UNITED STATES
SECURITIES AND EXCHANGE COMMISSION
Washington, D.C. 20549
FORM 8-K
CURRENT REPORT
Pursuant to Section 13 or 15(d) of The Securities Exchange Act of 1934
March 24, 2009
Date of Report (Date of earliest event reported)
Sovereign Bancorp, Inc.
(Exact name of registrant as specified in its charter)
         
Virginia   1-16581   23-2453088
(State or other jurisdiction   (Commission   (IRS Employer
of incorporation)   File Number)   Identification No.)
     
75 State Street, Boston, Massachusetts   02109
(Address of principal executive offices)   (Zip Code)
(617) 346-7200
Registrant’s telephone number, including area code
(Former name or former address, if changed since last report.)
Check the appropriate box below if the Form 8-K filing is intended to simultaneously satisfy the filing obligation of the registrant under any of the following provisions:
o   Written communications pursuant to Rule 425 under the Securities Act (17 CFR 230.425)
 
o   Soliciting material pursuant to Rule 14a-12 under the Exchange Act (17 CFR 240.14a-12)
 
o   Pre-commencement communications pursuant to Rule 14d-2(b) under the Exchange Act (17 CFR 240.14d-2(b))
 
o   Pre-commencement communications pursuant to Rule 13e-4(c) under the Exchange Act (17 CFR 240.13e-4 (c))
 
 

 


 

Item 4.01. Change in Registrant’s Certifying Accountant.
     On March 26, 2009, Sovereign Bancorp, Inc. (the “ Company ”) informed Ernst & Young LLP (“ E&Y ”) that E&Y will be dismissed as the Company’s independent registered public accounting firm effective immediately.
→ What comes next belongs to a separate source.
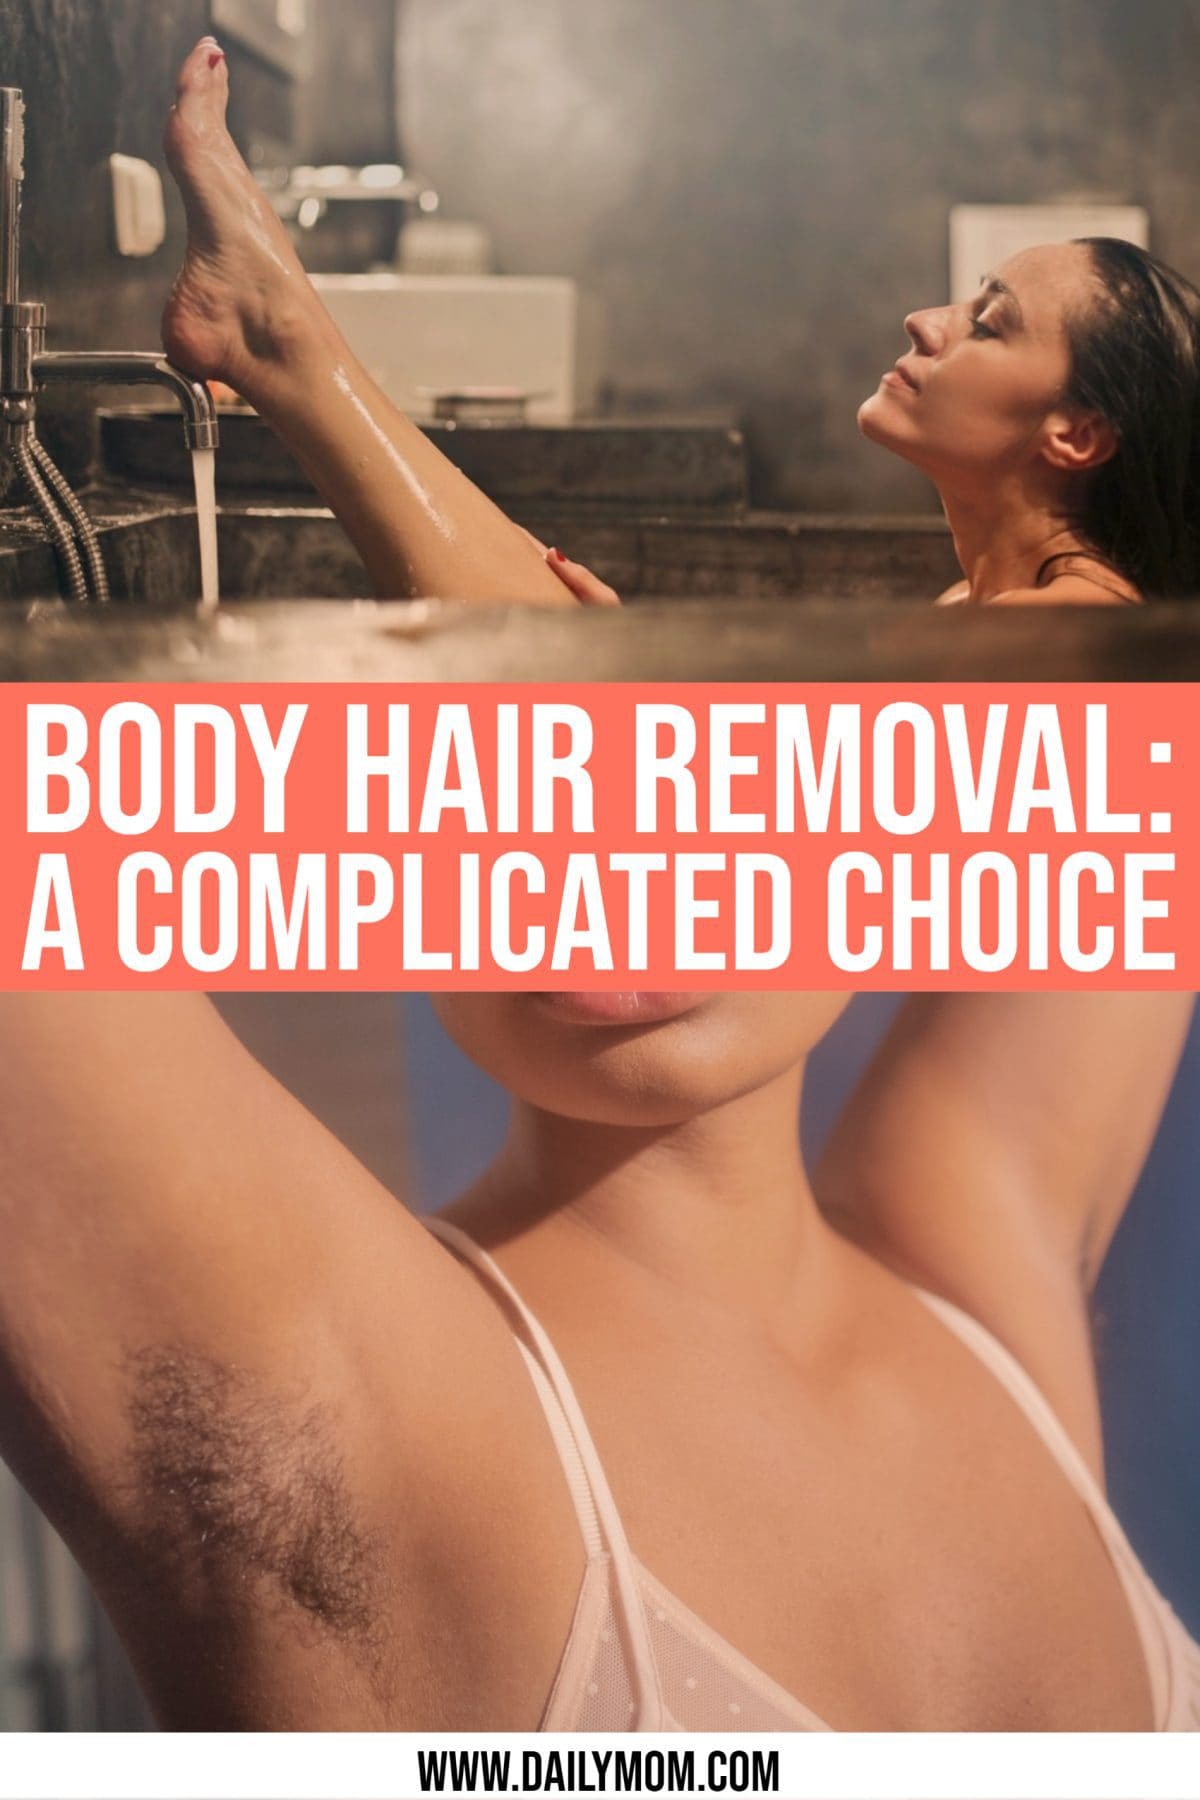 The Complicated Choice Of Body Hair Removal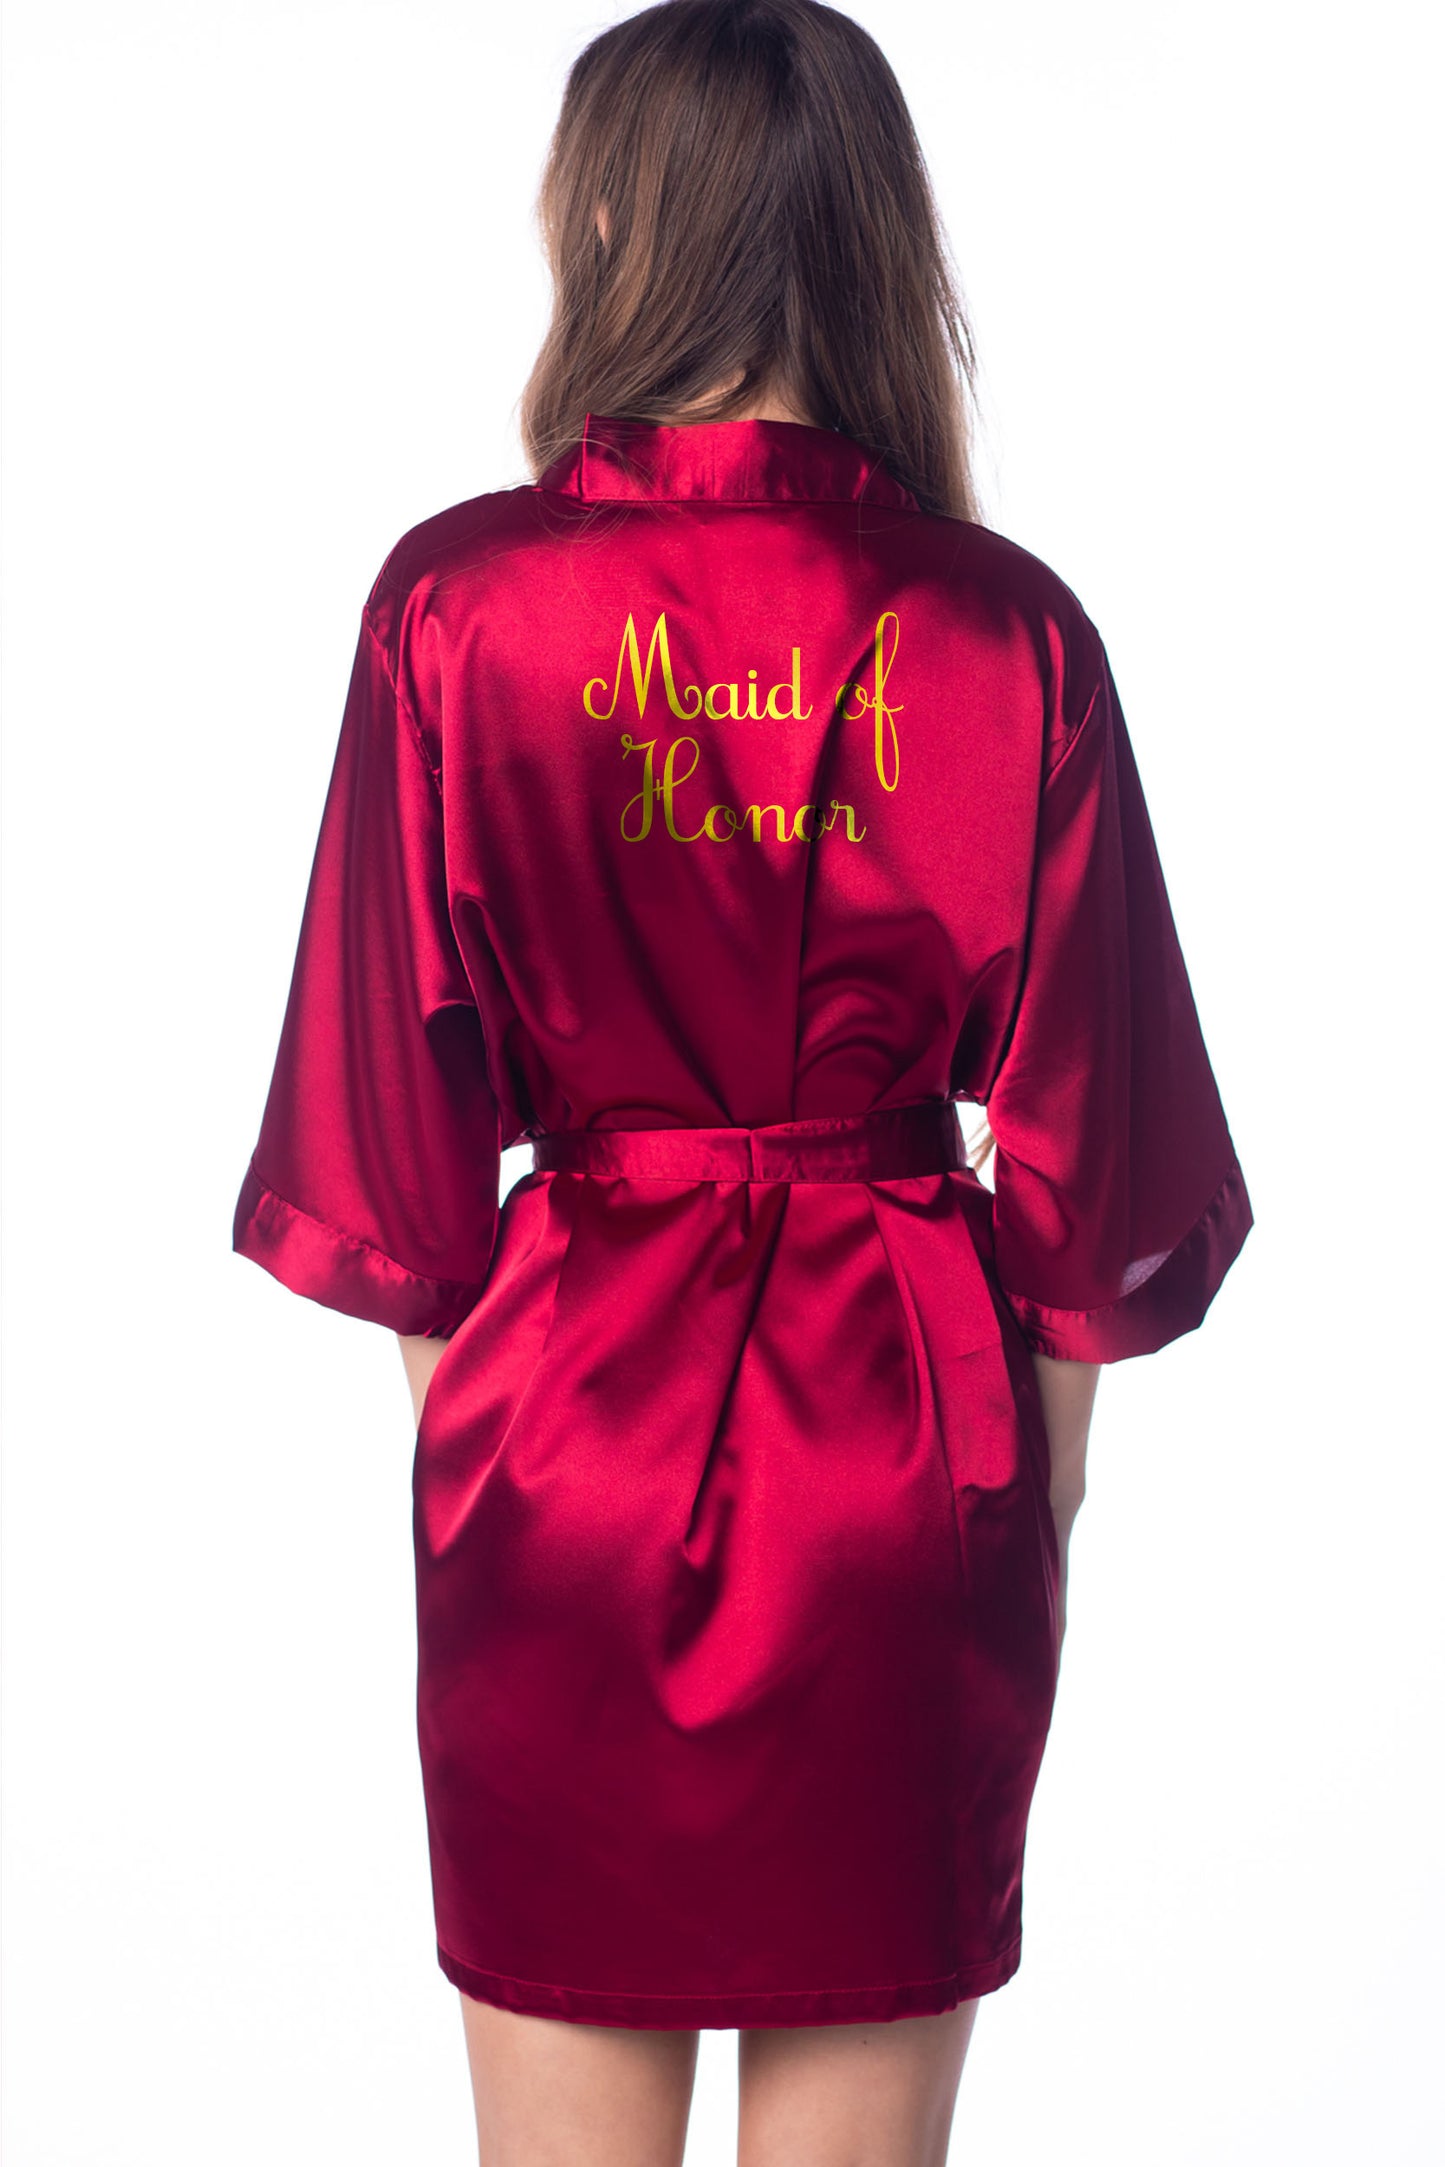 S/M "Maid of Honor" Burgundy Satin Robe - Cursif in Metal Gold (Clearance Item)

The decision to dismiss E&Y’s was approved by the Board of Directors of the Company (the “ Board ”) on March 24, 2009.
     Also on March 24, 2009, the Company engaged Deloitte & Touche LLP (“ Deloitte & Touche ”) as its independent registered public accounting firm for the fiscal year ending December 31, 2009. The decision to engage Deloitte & Touche was approved by the Board on March 24, 2009. Deloitte & Touche currently is the U.S. independent registered public accounting firm for Banco Santander, S.A., which owns 100% of the common equity of the Company.
      Additional information
     E&Y’s audit reports on the Company’s consolidated financial statements as of and for the years ended December 31, 2008 and 2007 did not contain an adverse opinion or a disclaimer of opinion and were not qualified or modified as to uncertainty, audit scope or accounting principles.
     In connection with the audits of the Company’s financial statements for each of the years ended December 31, 2008 and 2007, and in the subsequent interim period through March 17, 2009, there were (i) no disagreements between the Company and E&Y on any matter of accounting principles or practices, financial statement disclosure or auditing scope or procedure, which, if not resolved to the satisfaction of E&Y, would have caused E&Y to make reference to the subject matter of the disagreement in their reports on the financial statements for such years, and (ii) no “reportable events” as that term is defined in Item 304(a)(1)(v) of Regulation S-K.
     The Company requested E&Y furnish a letter addressed to the SEC stating whether or not it agrees with the statements made herein. A copy of E&Y’s letter dated March 27, 2009 is attached as Exhibit 16.1 hereto.
     During the Company’s two most recent fiscal years and the interim period prior to the engagement of Deloitte & Touche, neither the Company nor any one acting on its behalf consulted with Deloitte & Touche regarding (i) the application of accounting principles to a specified transaction, either completed or proposed, or the type of audit opinion that might be rendered on the Company’s financial statements or (ii) any matter that was either the subject of a “disagreement” (as defined in Item 304(a)(1)(iv) and the related instructions of Regulations S-K) or a “reportable event” (as defined in Item 304(a)(1)(v) of Regulation S-K).

 


 

Item 9.01. Financial Statements and Exhibits.
     (d)  Exhibits .
     
Exhibit No.   Description
16.1
  Letter from Ernst & Young LLP, dated March 27, 2009.

 


 

Signature(s)
     Pursuant to the requirements of the Securities Exchange Act of 1934, the registrant has duly caused this report to be signed on its behalf by the undersigned hereunto duly authorized.
             
    SOVEREIGN BANCORP, INC    
 
           
 
  By:   /s/  Stacey V. Weikel
 
   
    Name: Stacey V. Weikel    
    Title: Senior Vice President    
Date: March 27, 2009

 


 

Exhibit Index
     
Exhibit No.   Description
16.1
  Letter from Ernst & Young LLP, dated March 27, 2009.